Profiling in Your Library#

SMonitor includes lightweight profiling for diagnostics-oriented performance analysis. It is not a replacement for full profilers, but it is excellent for:

  • comparing call-path costs,

  • identifying slow orchestration boundaries,

  • exporting timing evidence for QA/support.

1. Enable profiling#

import smonitor

smonitor.configure(
    profiling=True,
    profiling_sample_rate=0.2,
    profiling_buffer_size=500,
)

2. Use @signal timings#

Decorated functions automatically contribute timing data:

import smonitor

@smonitor.signal(tags=["analysis"])
def run_workflow(data):
    ...

Inspect summary:

report = smonitor.report()
print(report["timings"])
print(report["timings_by_module"])

3. Add manual spans for critical blocks#

from smonitor.profiling import span

def run_workflow():
    with span("io.load", source="dataset"):
        ...
    with span("compute.optimize", backend="cpu"):
        ...

4. Export timeline#

from smonitor.profiling import export_timeline

export_timeline("timeline.json", format="json")
export_timeline("timeline.csv", format="csv")

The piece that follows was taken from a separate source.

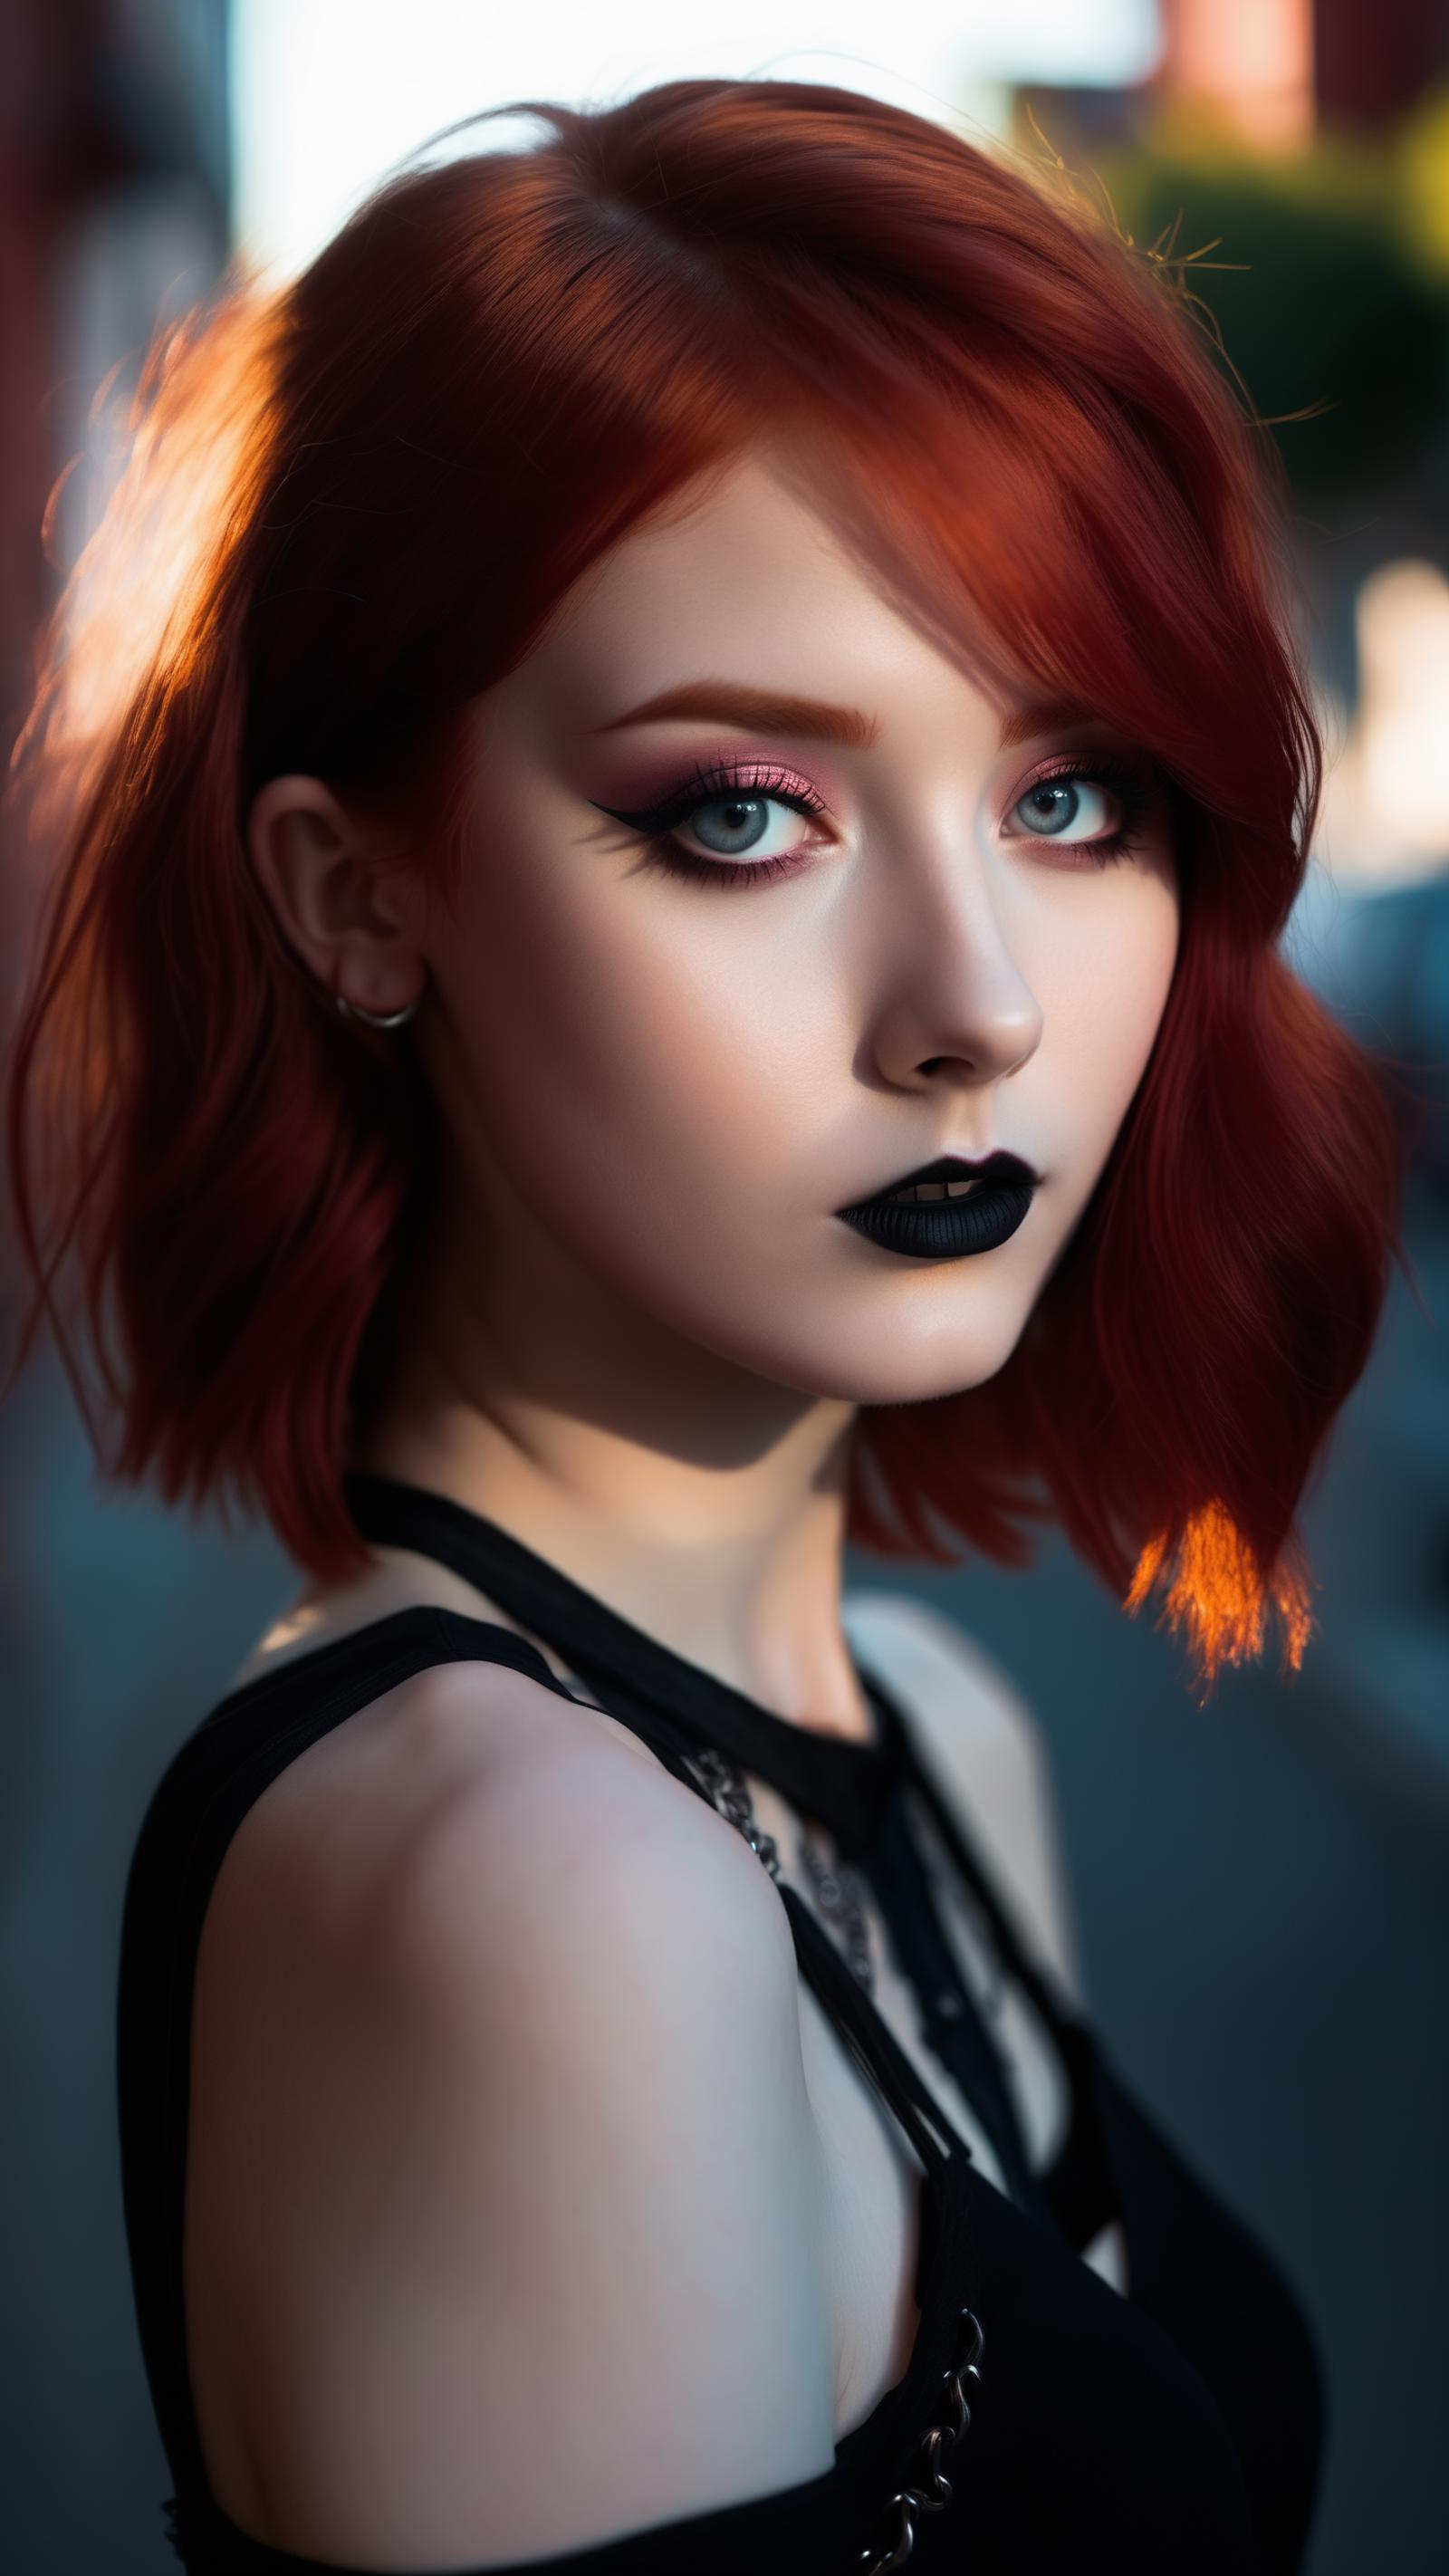 A red-haired woman with black lipstick and blue eyes.

5. Optional hardware hooks (GPU/accelerators)#

You can attach profiling_hooks (list of callables) that return dictionaries with metadata (for example, GPU memory or device name). These fields appear in report()["profiling_meta"].

Recommendation#

  • enable profiling in dev/qa, not in default user workflows,

  • use sampling (profiling_sample_rate) in large workloads,

  • instrument boundaries, not tight inner loops.

You are done when#

  • timing summaries are visible in report(),

  • timeline export works in JSON/CSV,

  • profiling helps triage real slow paths in your library.